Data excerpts

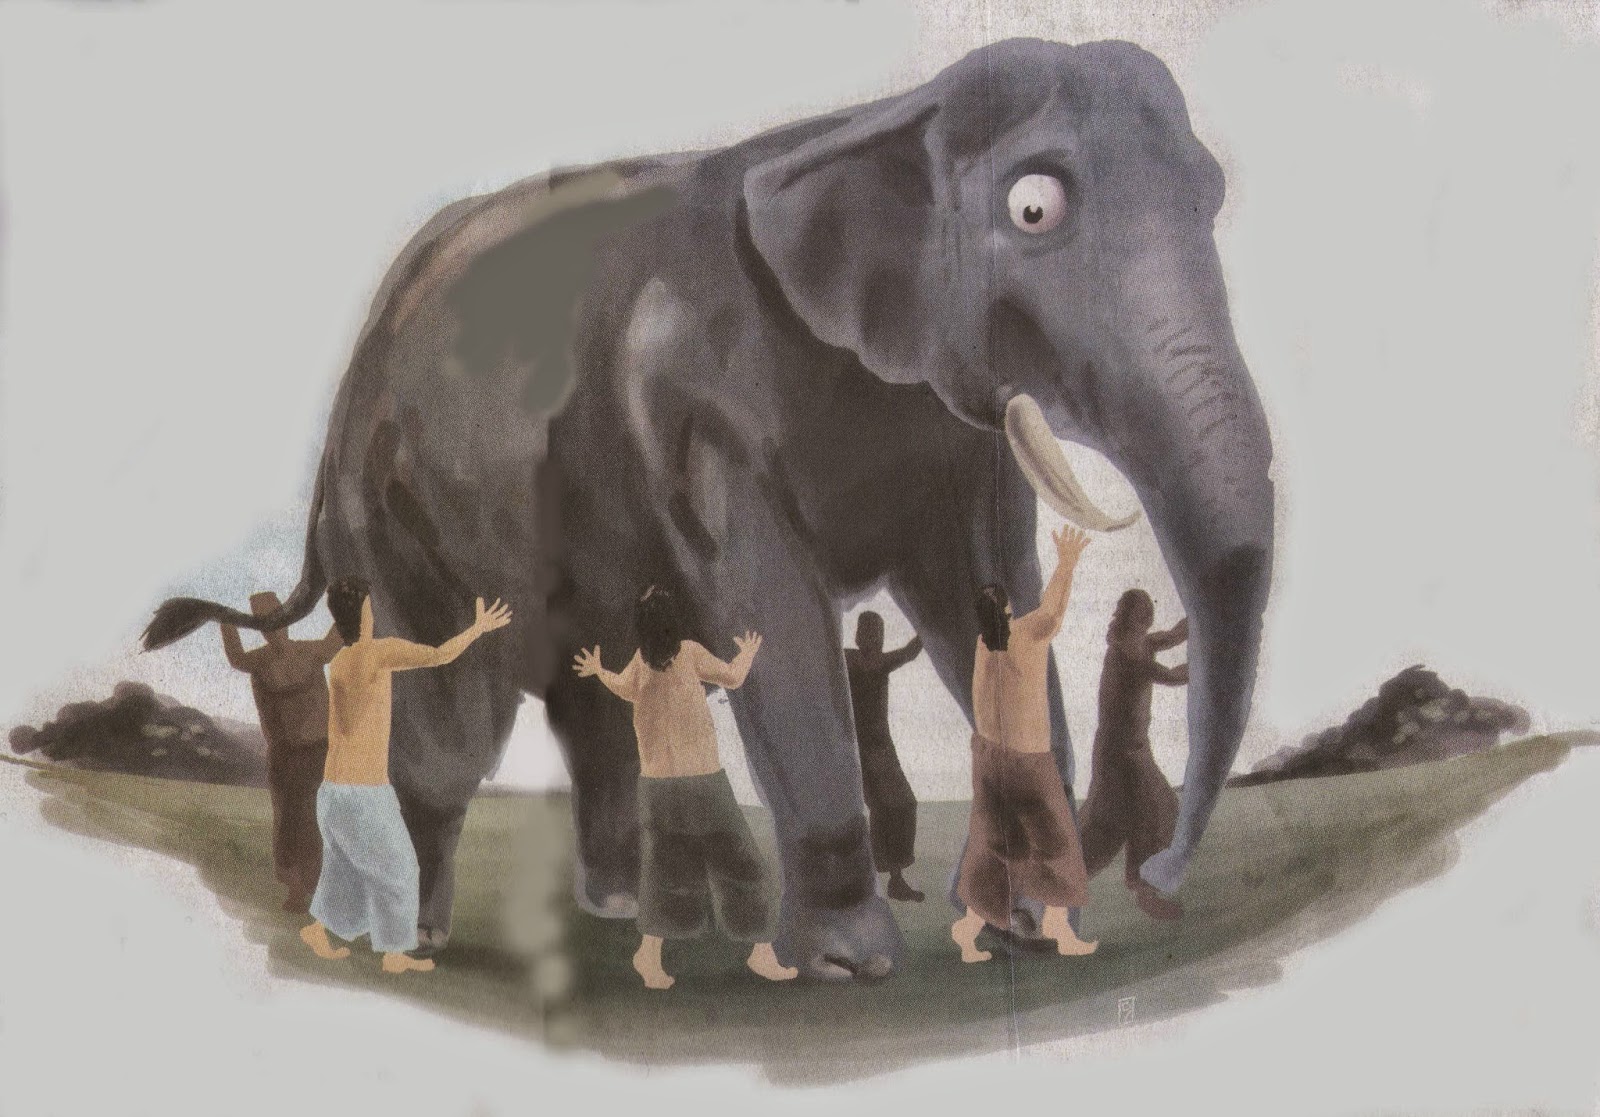 The Six Blind Men And An Elephant Folklore From India Jendela Informasi
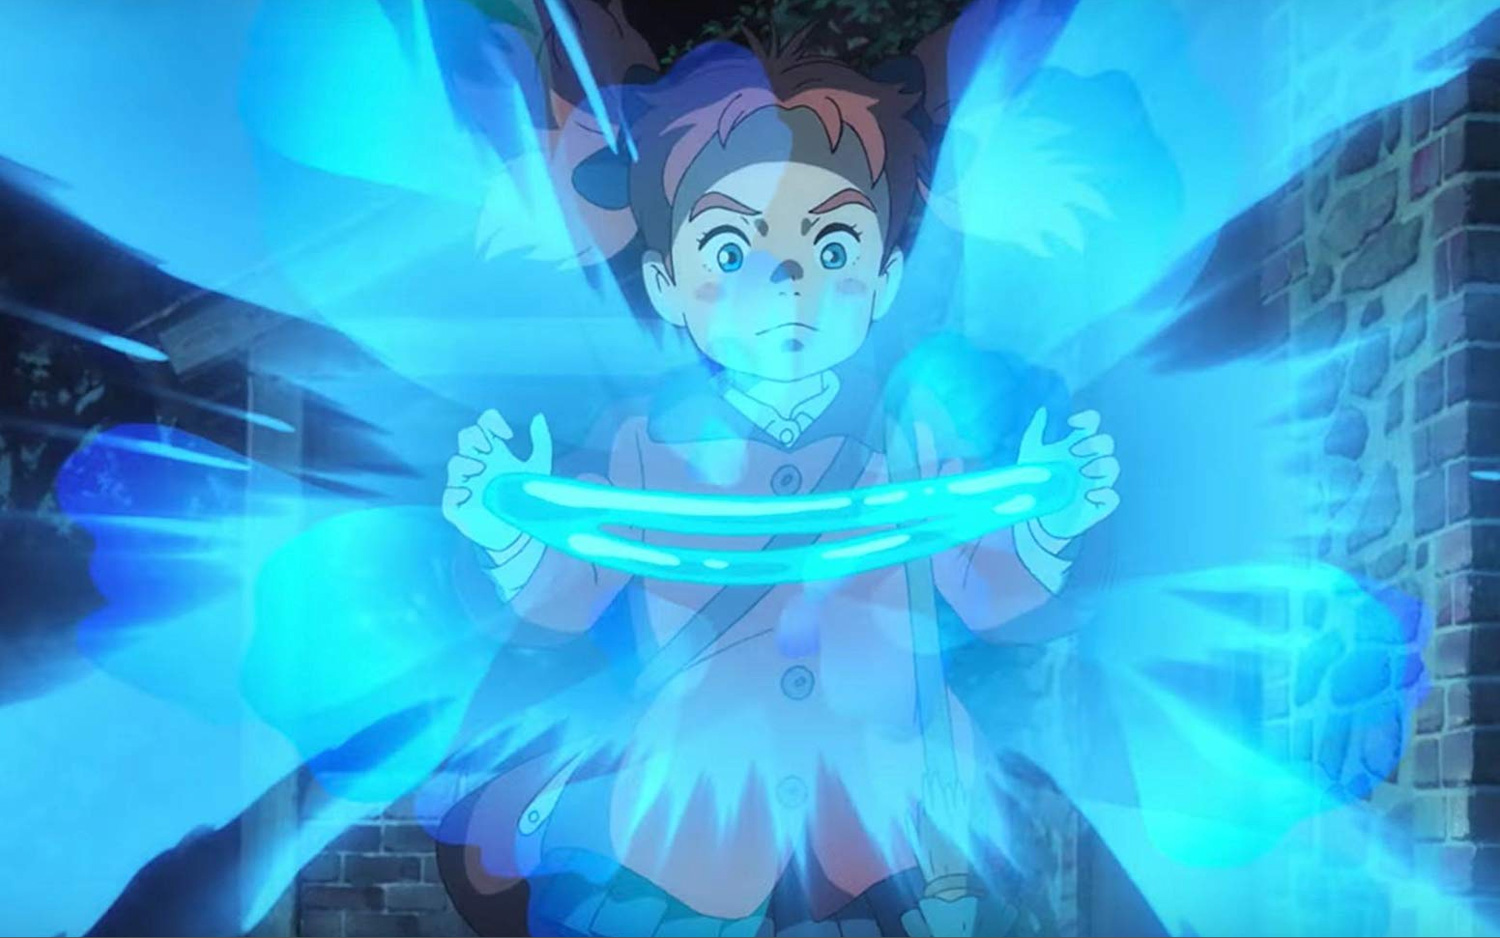 Best family movies on Netflix - mary and the witch's flower
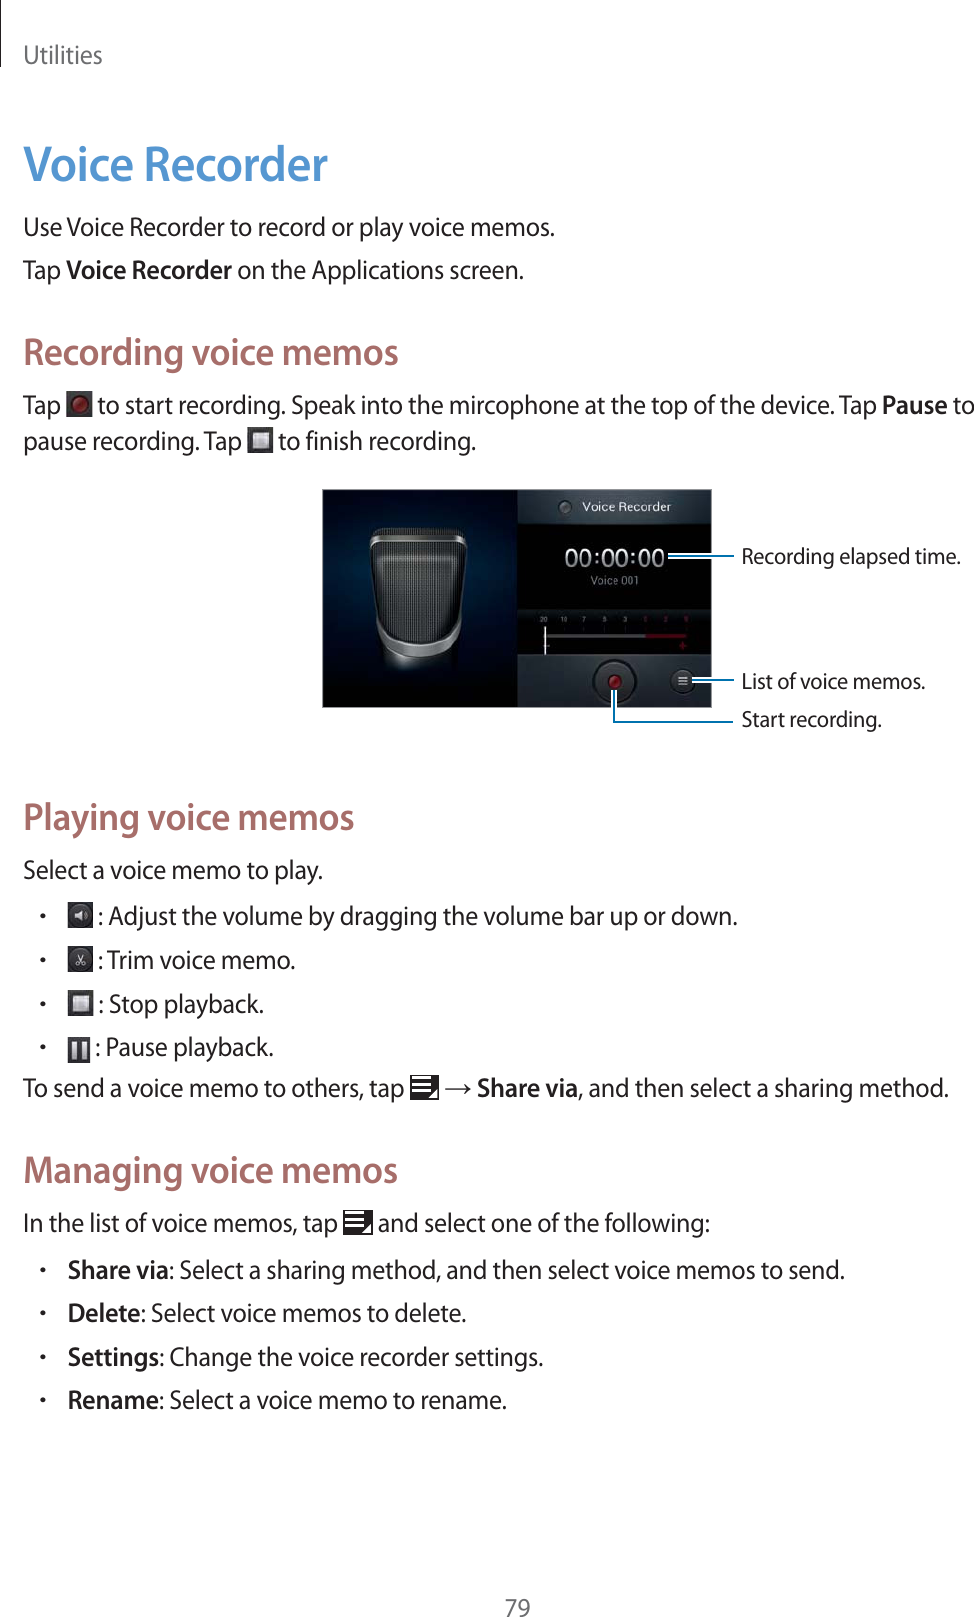 Utilities79Voice RecorderUse Voice Recorder to record or play voice memos.Tap Voice Recorder on the Applications screen.Recording voice memosTap   to start recording. Speak into the mircophone at the top of the device. Tap Pause to pause recording. Tap   to finish recording.Start recording.List of voice memos.Recording elapsed time.Playing voice memosSelect a voice memo to play.r : Adjust the volume by dragging the volume bar up or down.r : Trim voice memo.r : Stop playback.r : Pause playback.To send a voice memo to others, tap   ĺ Share via, and then select a sharing method.Managing voice memosIn the list of voice memos, tap   and select one of the following:rShare via: Select a sharing method, and then select voice memos to send.rDelete: Select voice memos to delete.rSettings: Change the voice recorder settings.rRename: Select a voice memo to rename.
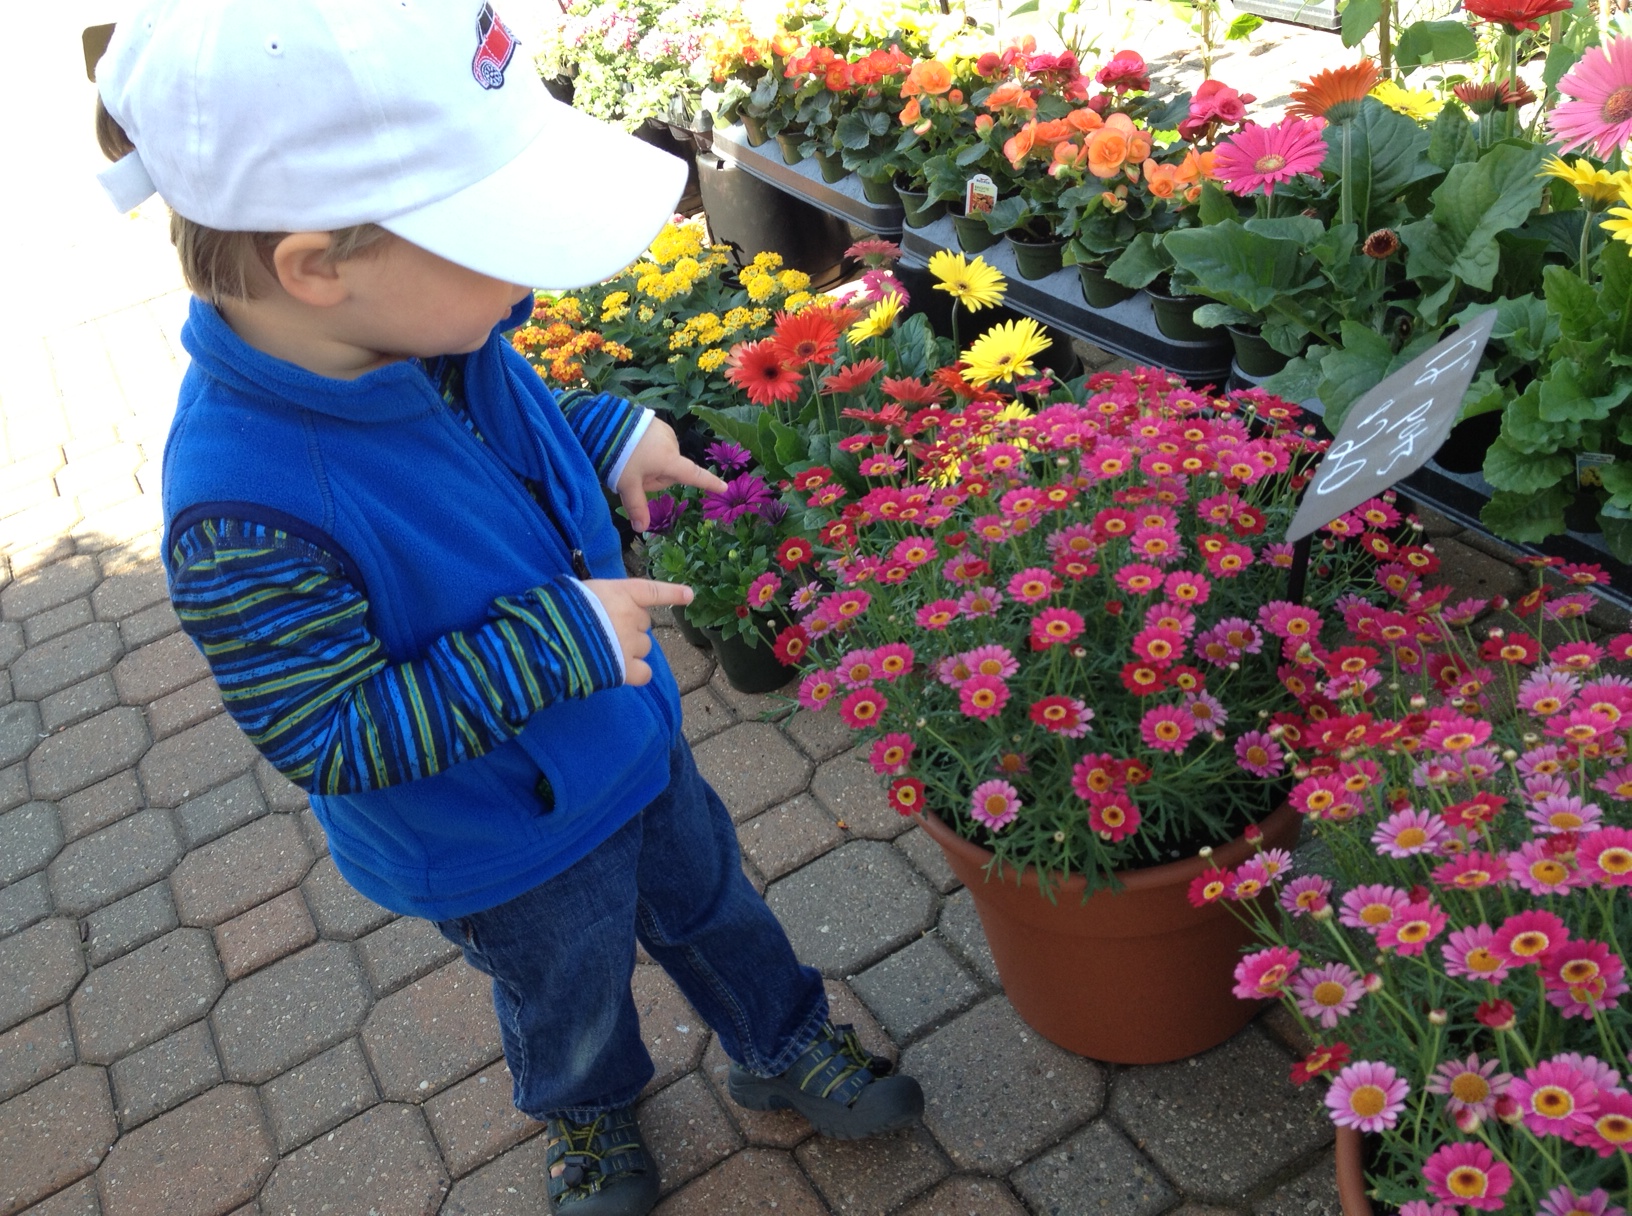 this was actually taken the other day, but h was up to the same delightful antics at today's market--pointing out all of the beautiful flowers and exploring to his heart's content. if anyone can tell me what those little pink beauties are, i'd be so grateful...love them and want them to fill up the yard!
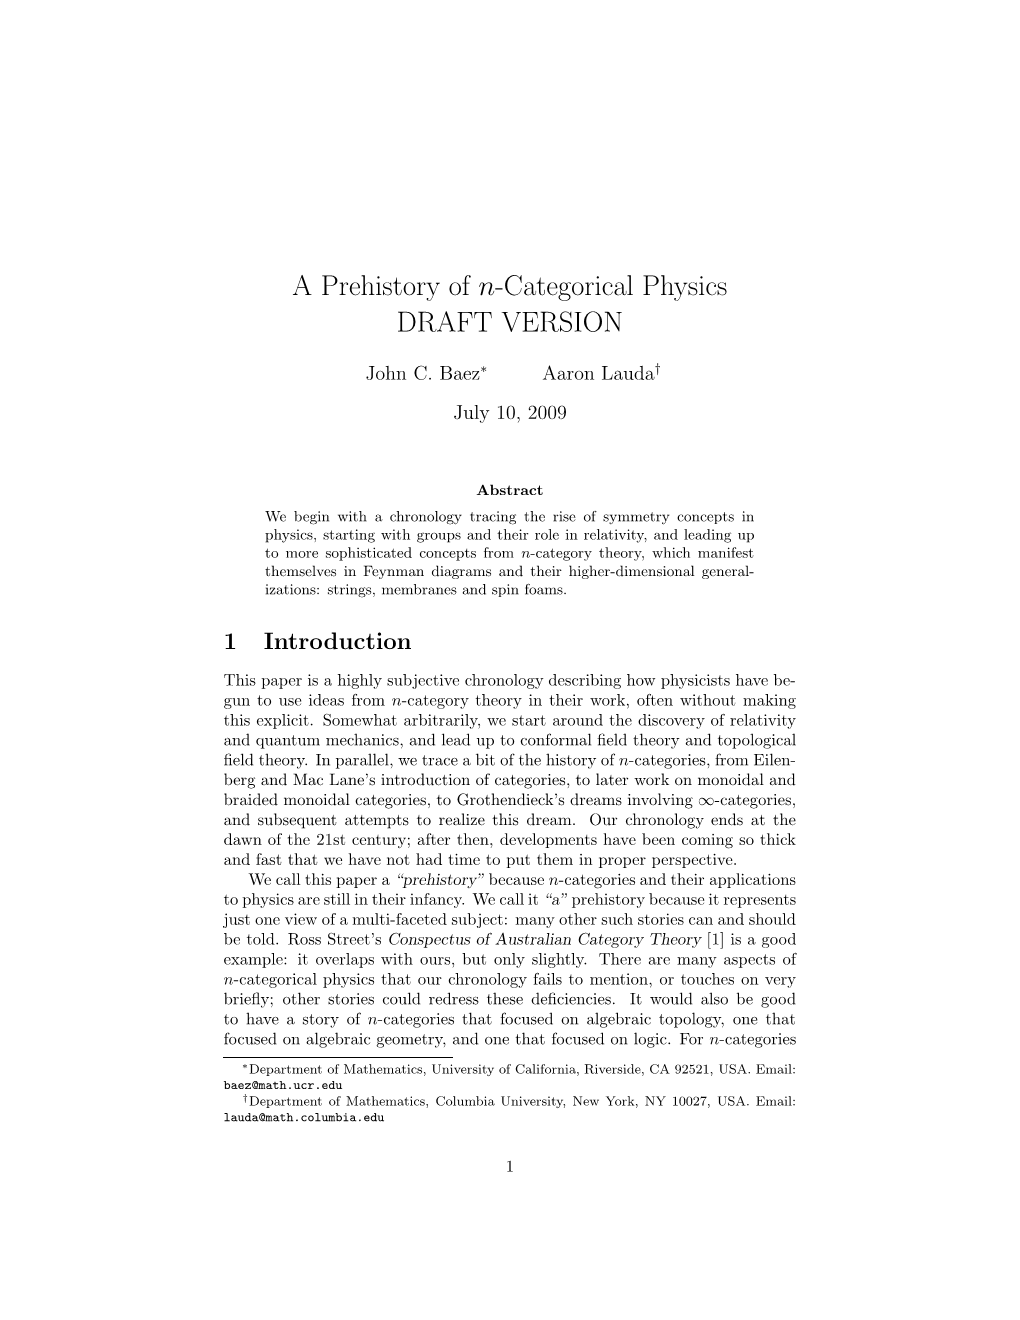 A Prehistory of N-Categorical Physics DRAFT VERSION

**WHAT IS NEEDED**
Would you output the data above exactly as written, but with no images?

**TASK RESULT**
 The Six Blind Men And An Elephant Folklore From India Jendela Informasi
 Best family movies on Netflix - mary and the witch's flower
 Utilities79Voice RecorderUse Voice Recorder to record or play voice memos.Tap Voice Recorder on the Applications screen.Recording voice memosTap   to start recording. Speak into the mircophone at the top of the device. Tap Pause to pause recording. Tap   to finish recording.Start recording.List of voice memos.Recording elapsed time.Playing voice memosSelect a voice memo to play.r : Adjust the volume by dragging the volume bar up or down.r : Trim voice memo.r : Stop playback.r : Pause playback.To send a voice memo to others, tap   ĺ Share via, and then select a sharing method.Managing voice memosIn the list of voice memos, tap   and select one of the following:rShare via: Select a sharing method, and then select voice memos to send.rDelete: Select voice memos to delete.rSettings: Change the voice recorder settings.rRename: Select a voice memo to rename.
 this was actually taken the other day, but h was up to the same delightful antics at today's market--pointing out all of the beautiful flowers and exploring to his heart's content. if anyone can tell me what those little pink beauties are, i'd be so grateful...love them and want them to fill up the yard!
 A Prehistory of N-Categorical Physics DRAFT VERSION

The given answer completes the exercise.